■ Data block:
----------------------------------------

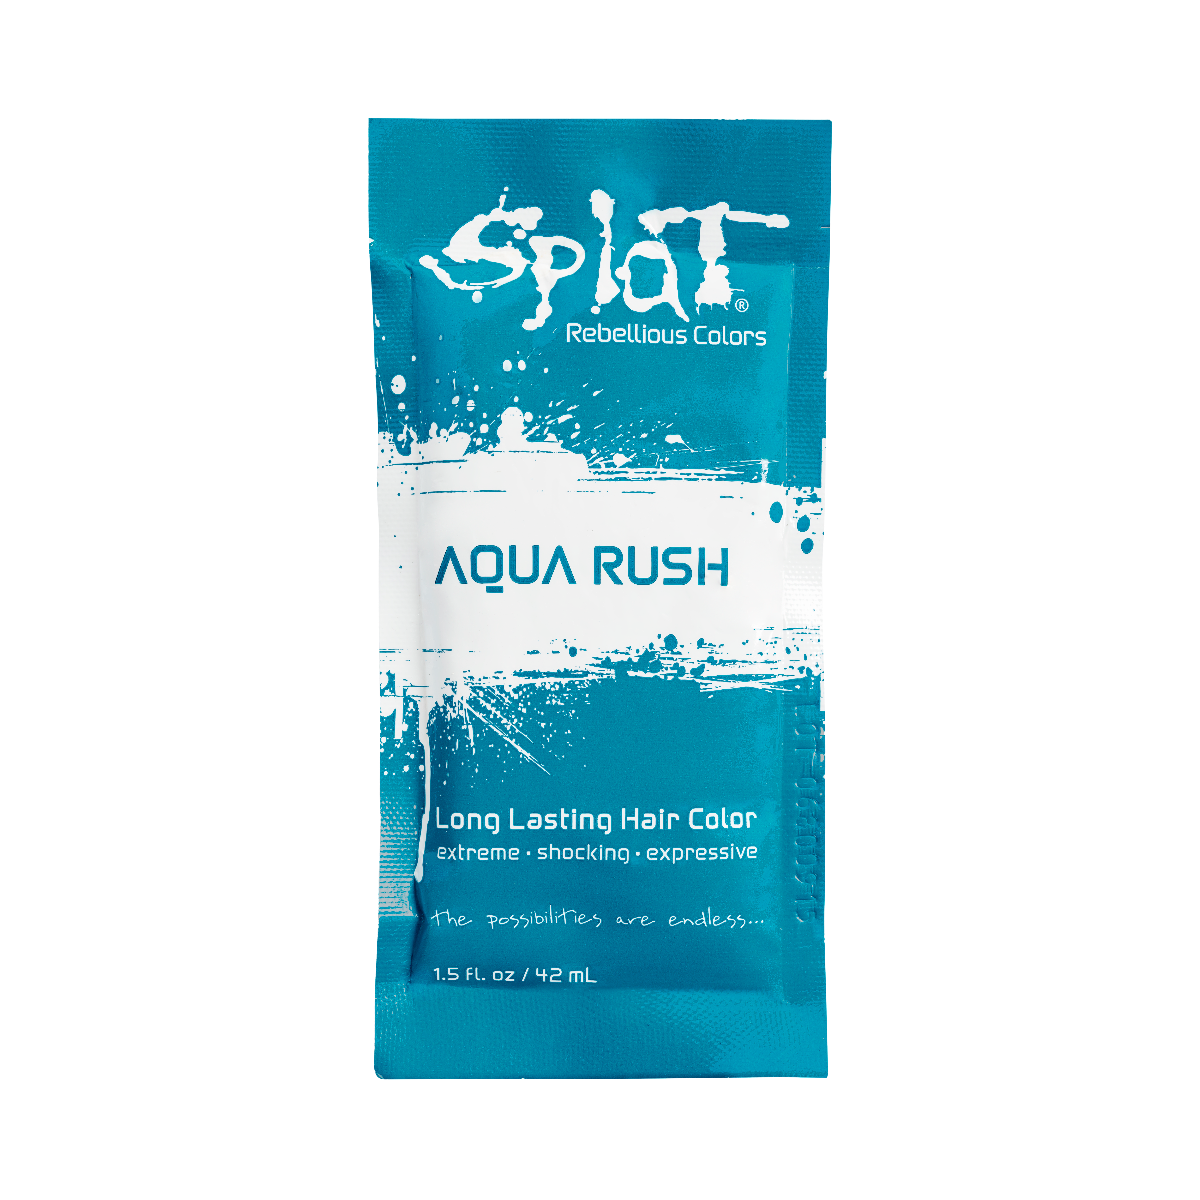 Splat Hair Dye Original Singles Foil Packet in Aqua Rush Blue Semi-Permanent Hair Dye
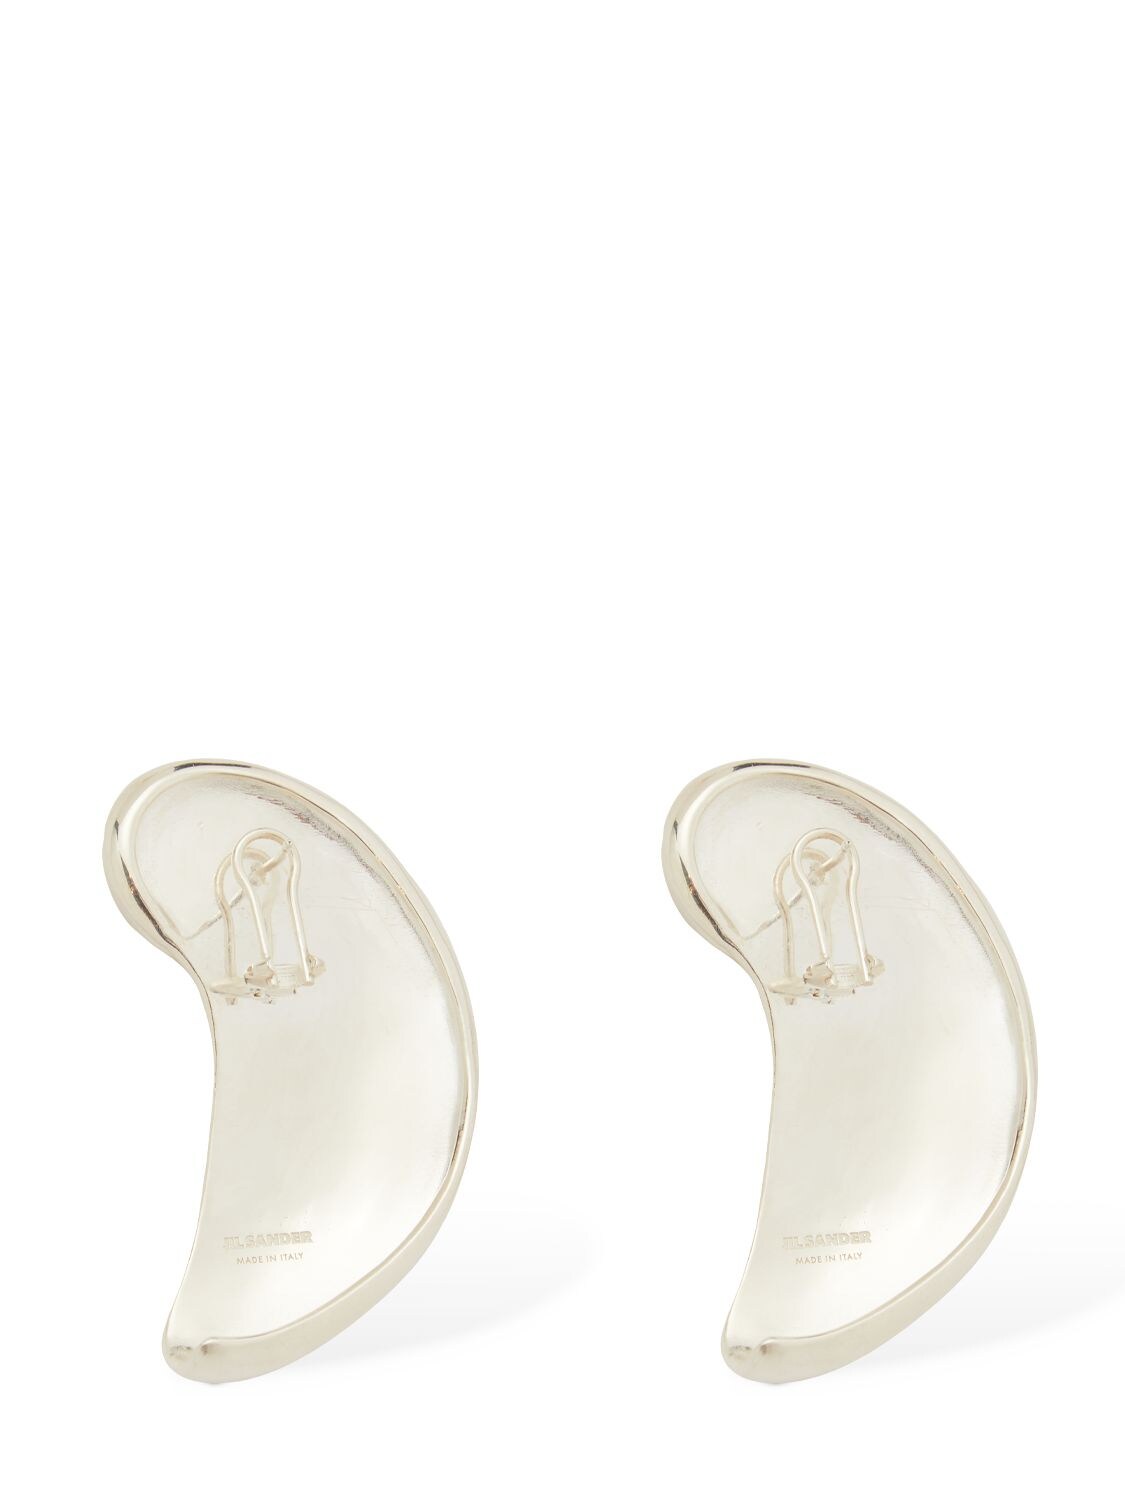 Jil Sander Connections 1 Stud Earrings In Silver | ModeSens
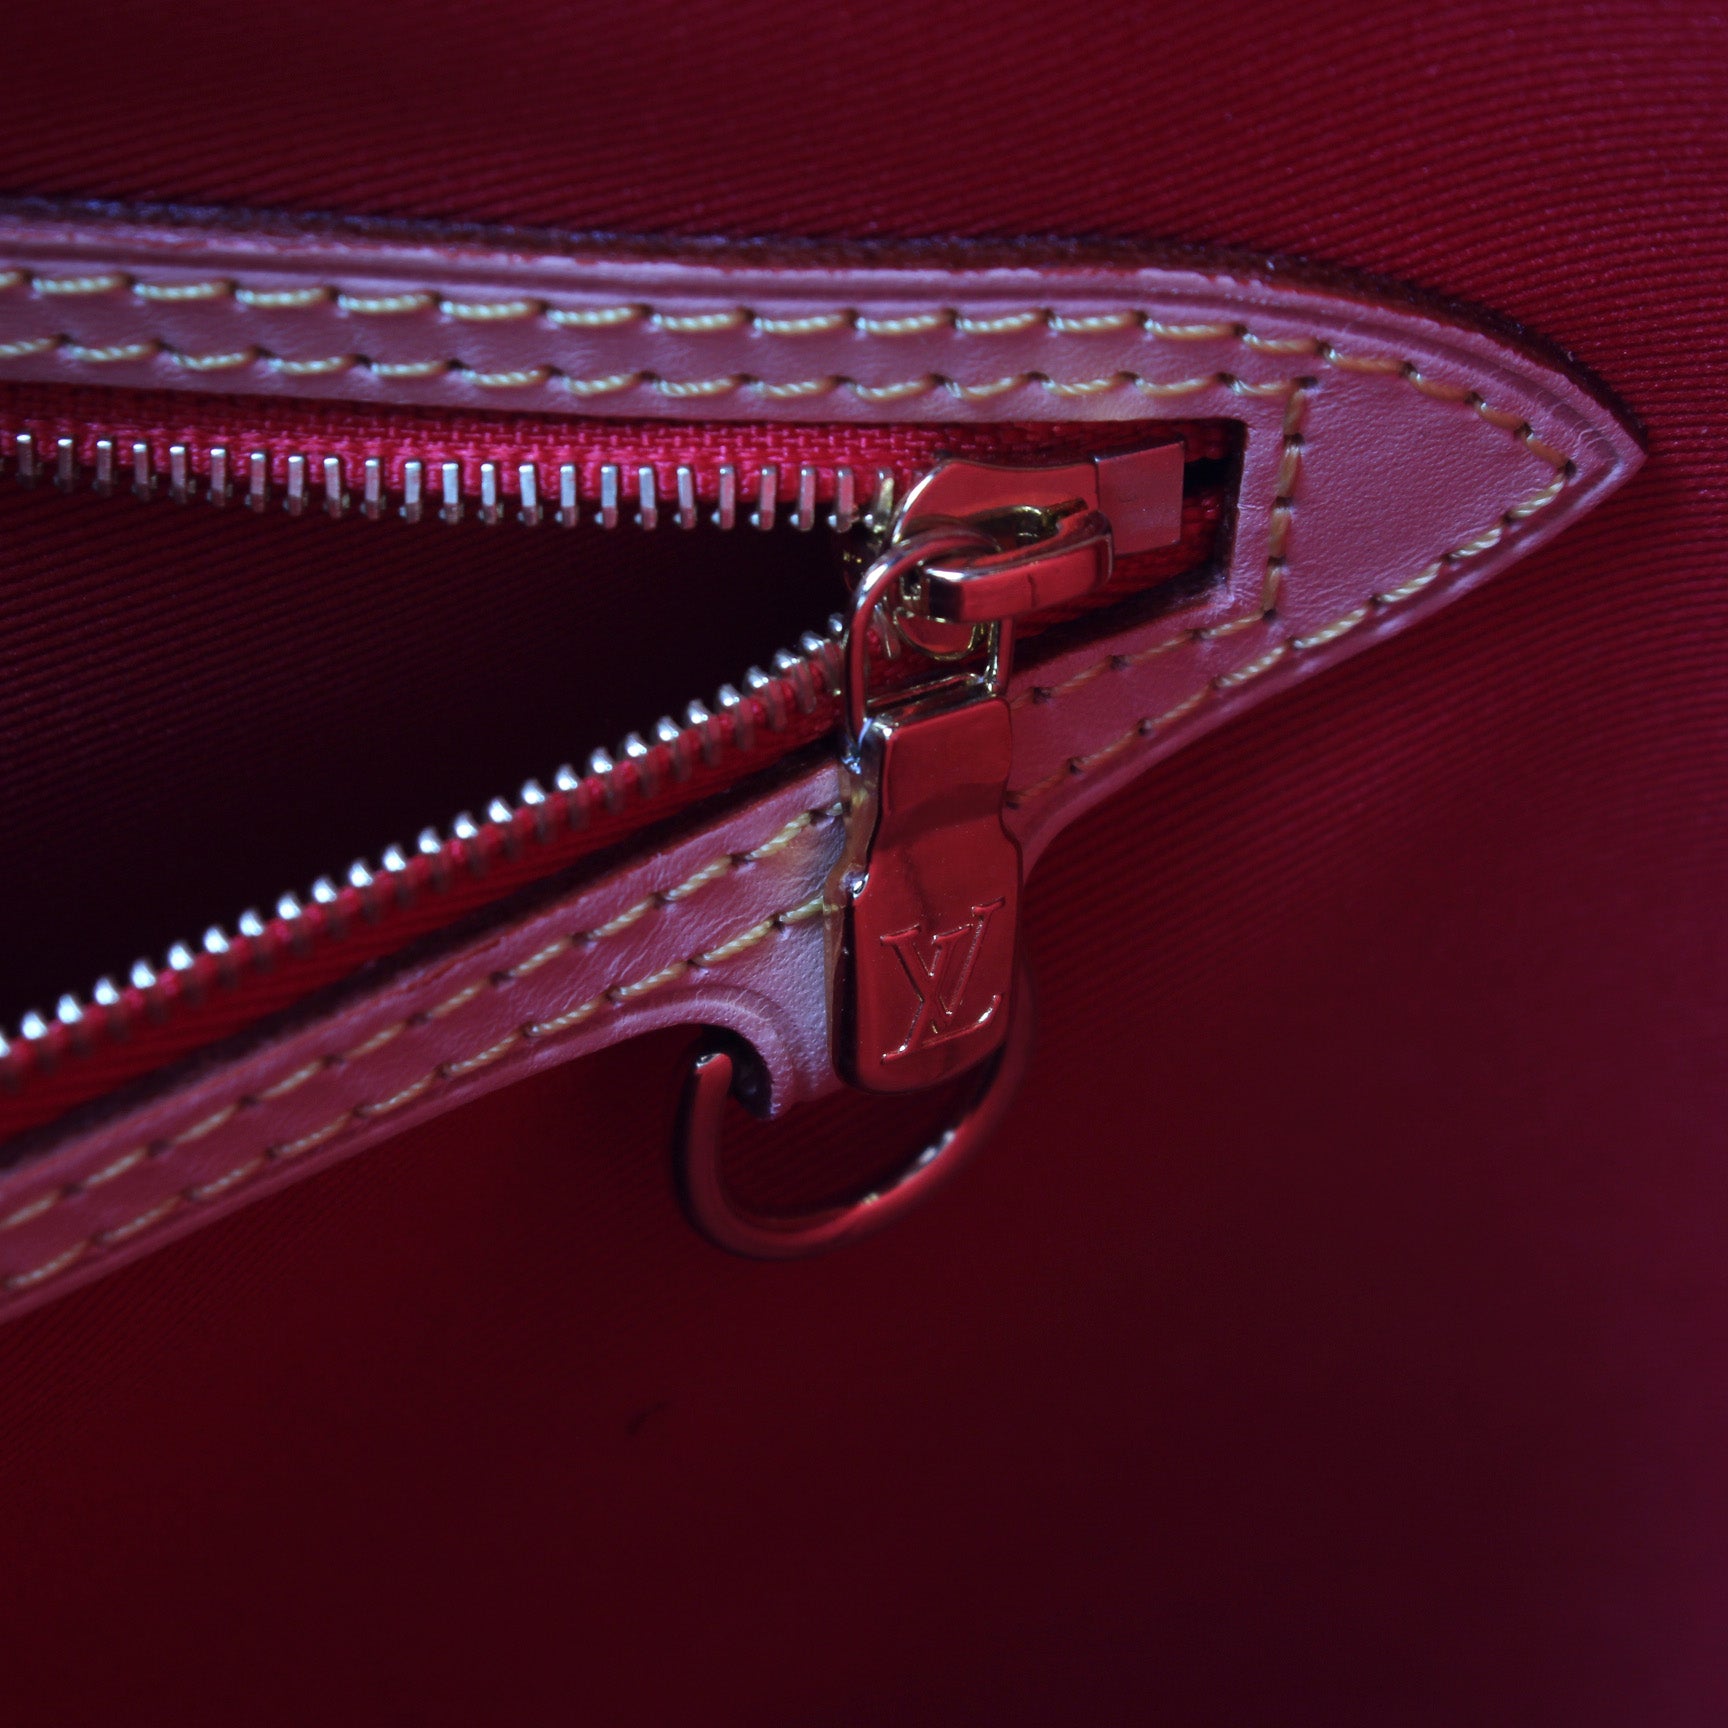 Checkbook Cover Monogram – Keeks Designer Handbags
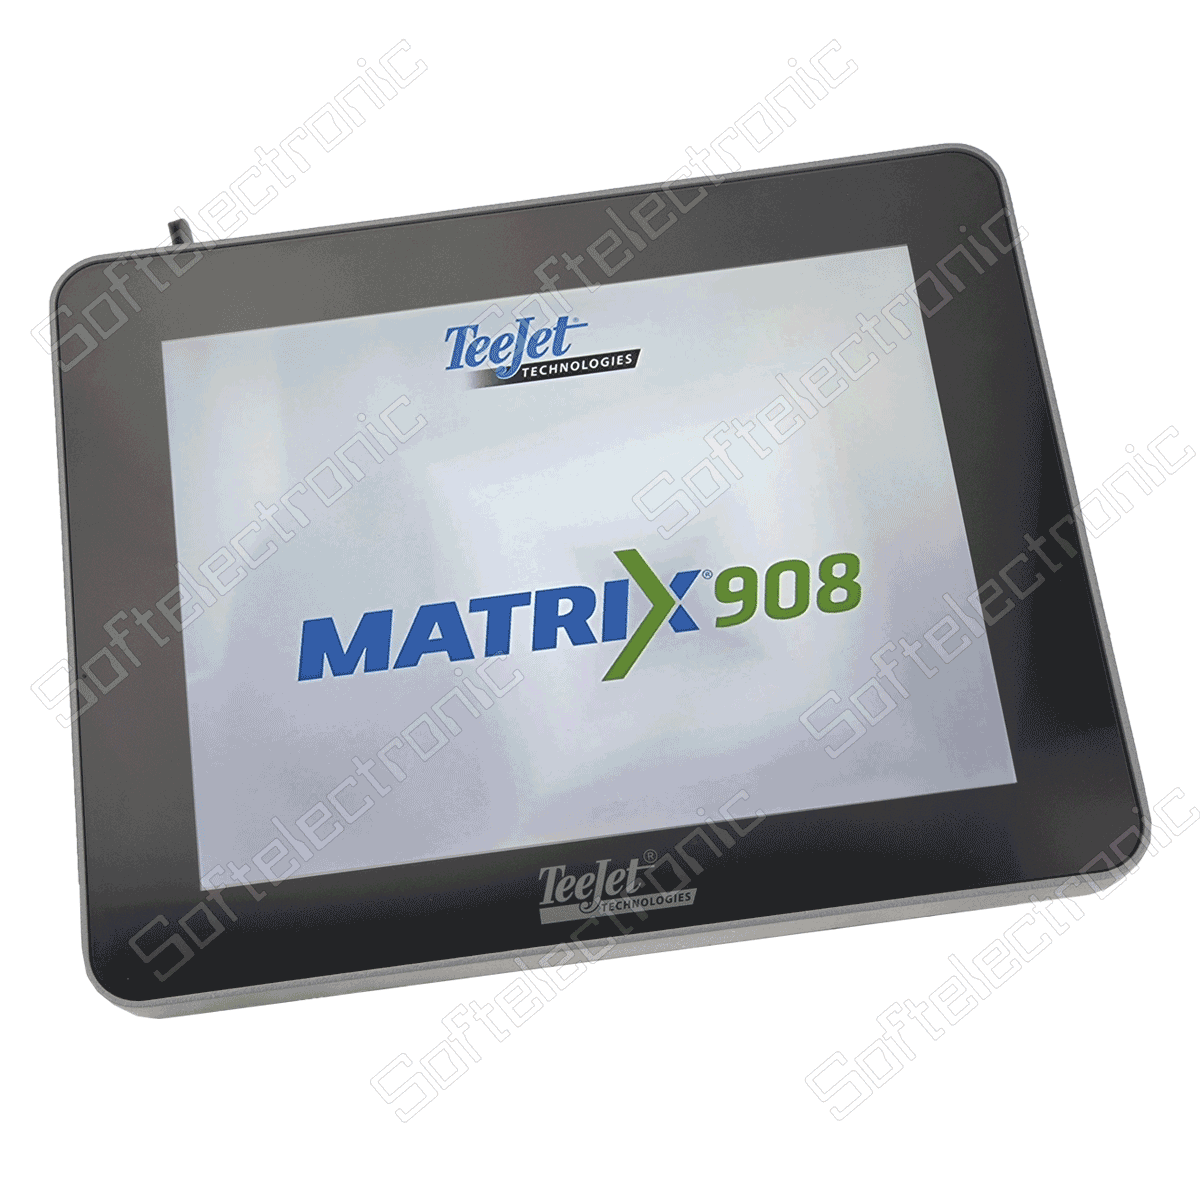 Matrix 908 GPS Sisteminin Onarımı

----------------------------------------

■ Exercise objective: Leave the pictures out, and copy exactly each line from the one containing "Jil Sander Connections" through the final line of the data.

■ Response for this exercise:
 Jil Sander Connections 1 Stud Earrings In Silver | ModeSens
 Checkbook Cover Monogram – Keeks Designer Handbags
 Matrix 908 GPS Sisteminin Onarımı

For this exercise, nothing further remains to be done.